### [DATASET SECTION]
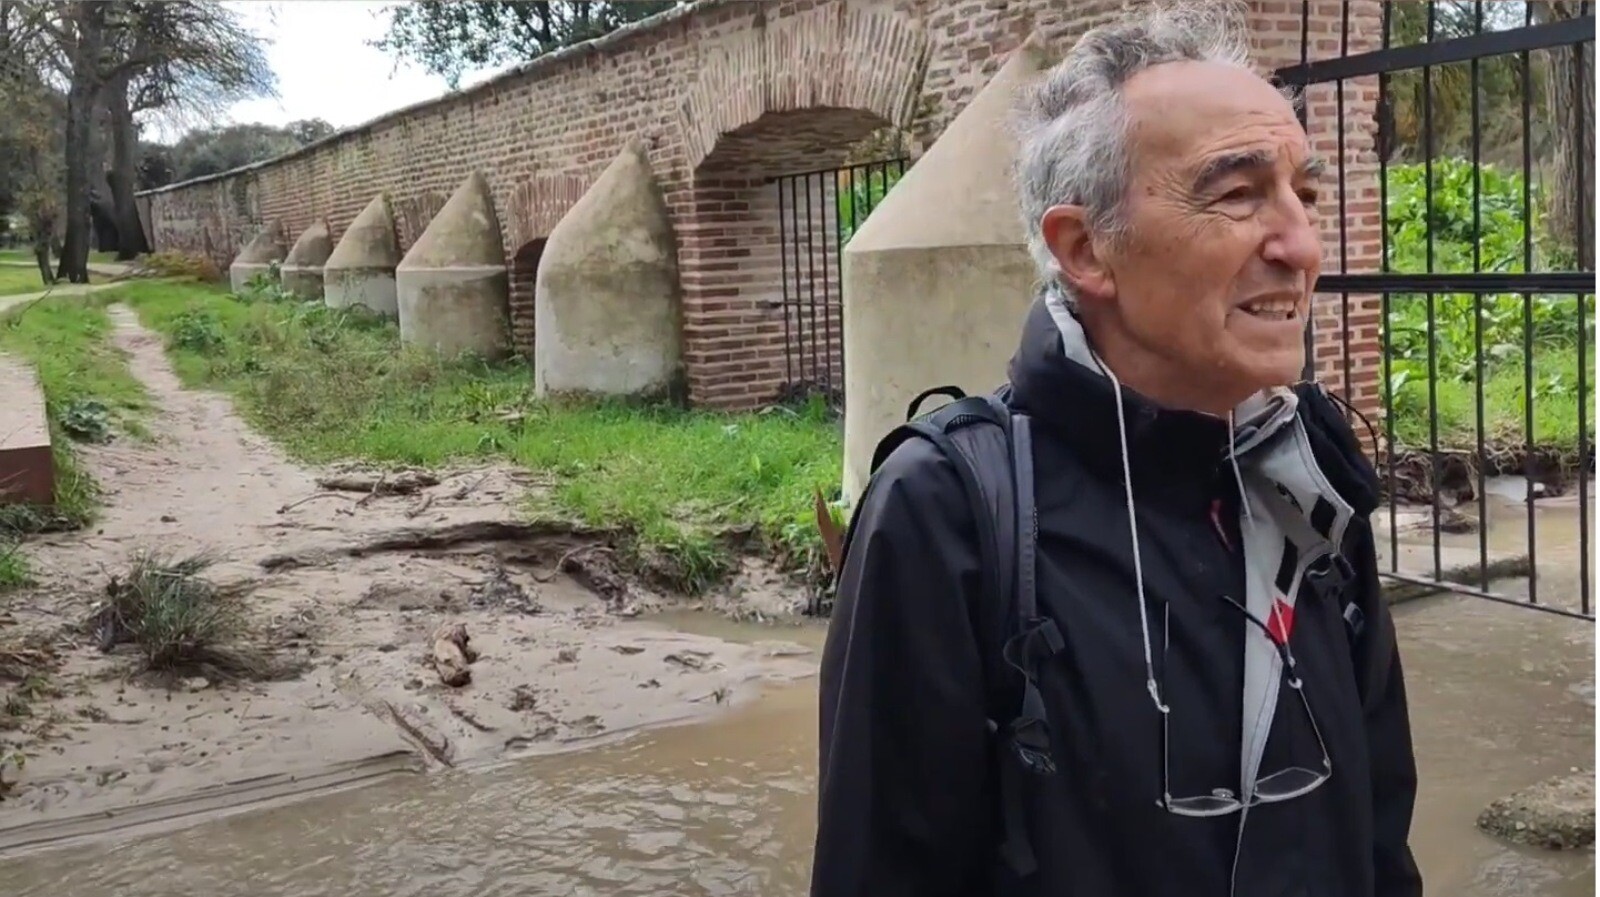 Advierten del posible derrumbe del muro de la Casa de Campo en el Parque Forestal Adolfo Suárez de Pozuelo
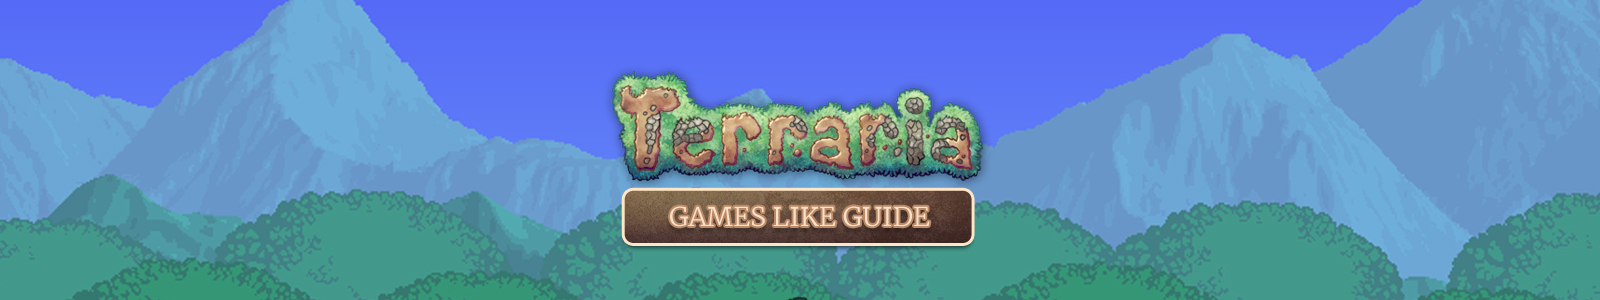 Terraria Spiele wie Anleitung
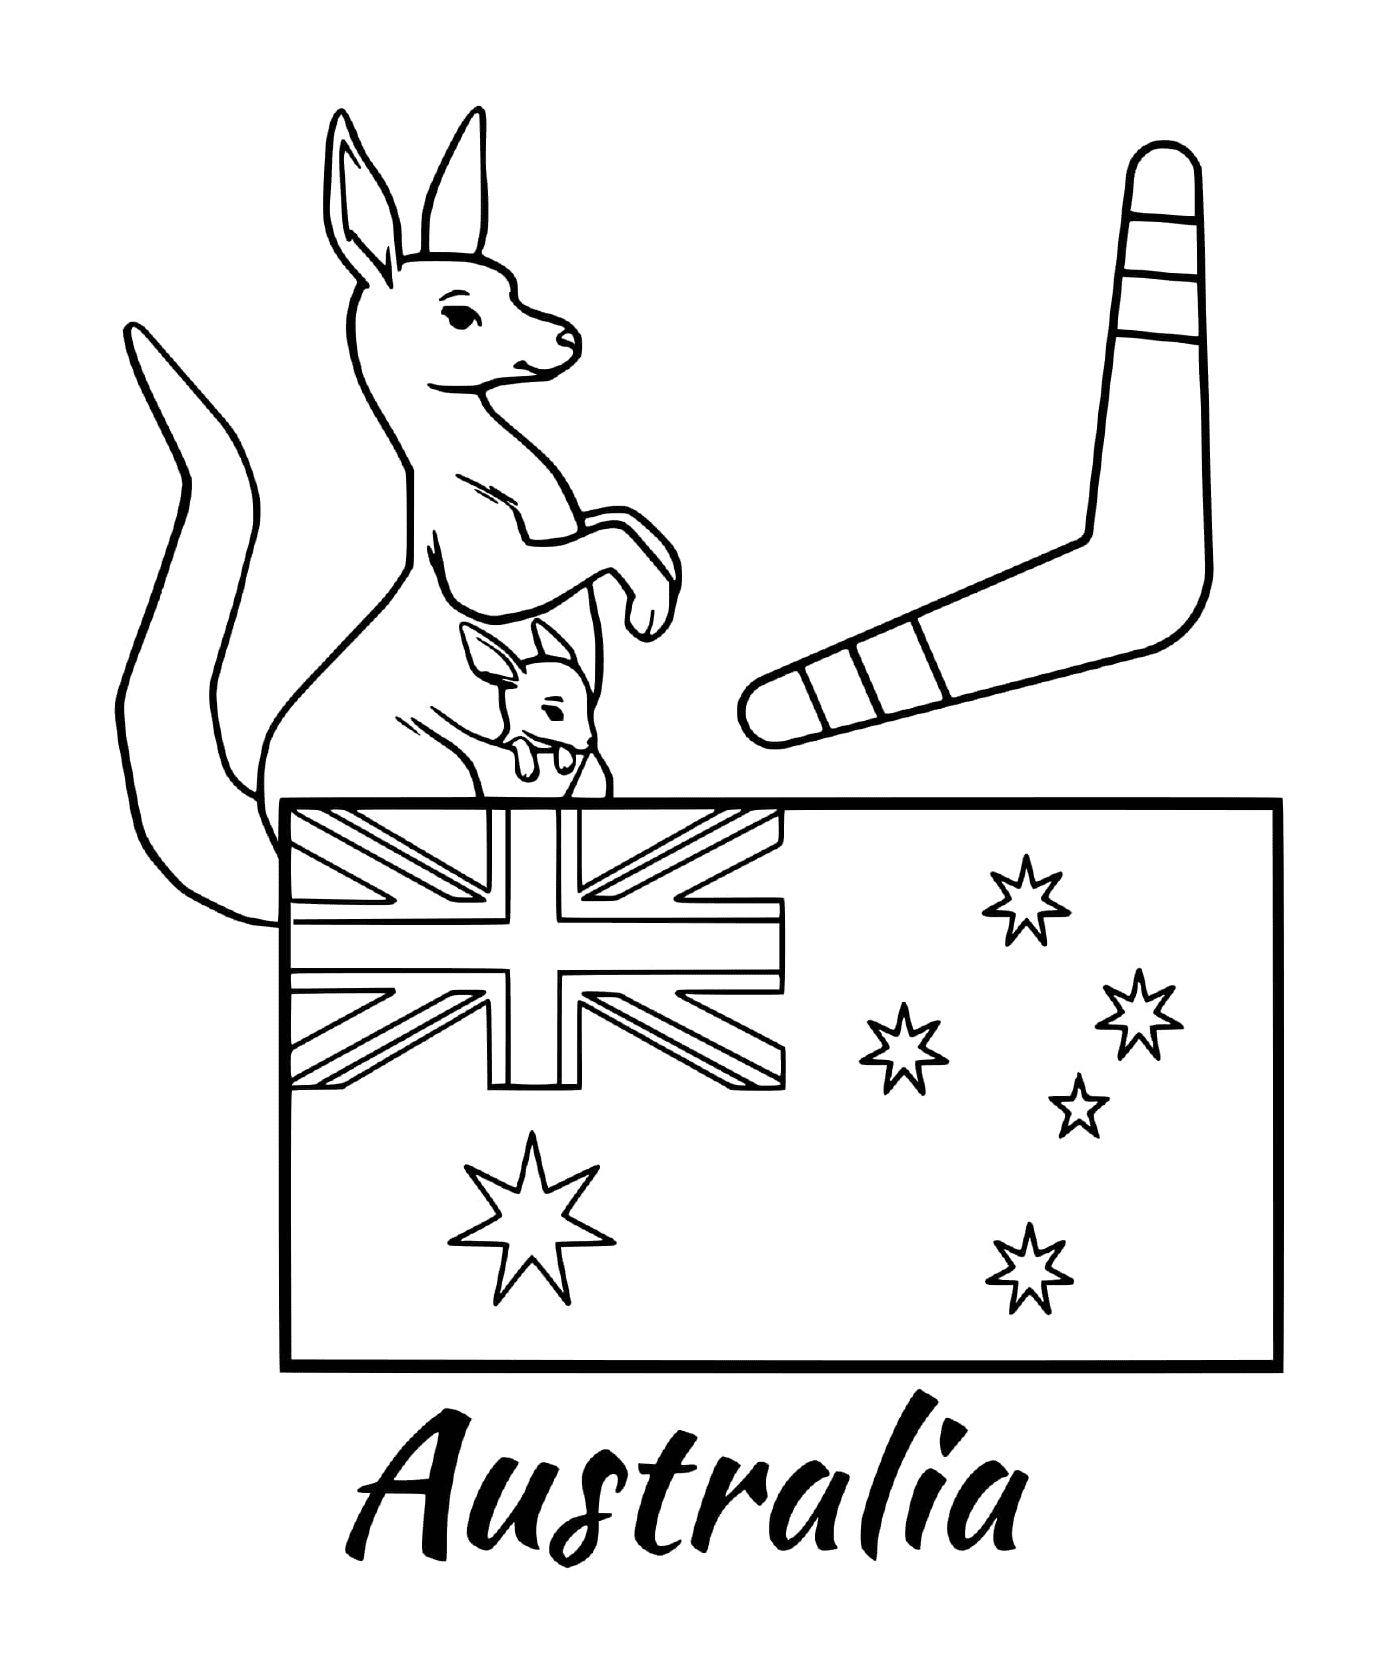  أعلام أستراليا مع بوميرانغ

### [ACTIVITY]
Reproduce the entire listing above precisely, but keep the images out.

### [SOLUTION TO THIS TASK]
 Advierten del posible derrumbe del muro de la Casa de Campo en el Parque Forestal Adolfo Suárez de Pozuelo
 Terraria Spiele wie Anleitung
  أعلام أستراليا مع بوميرانغ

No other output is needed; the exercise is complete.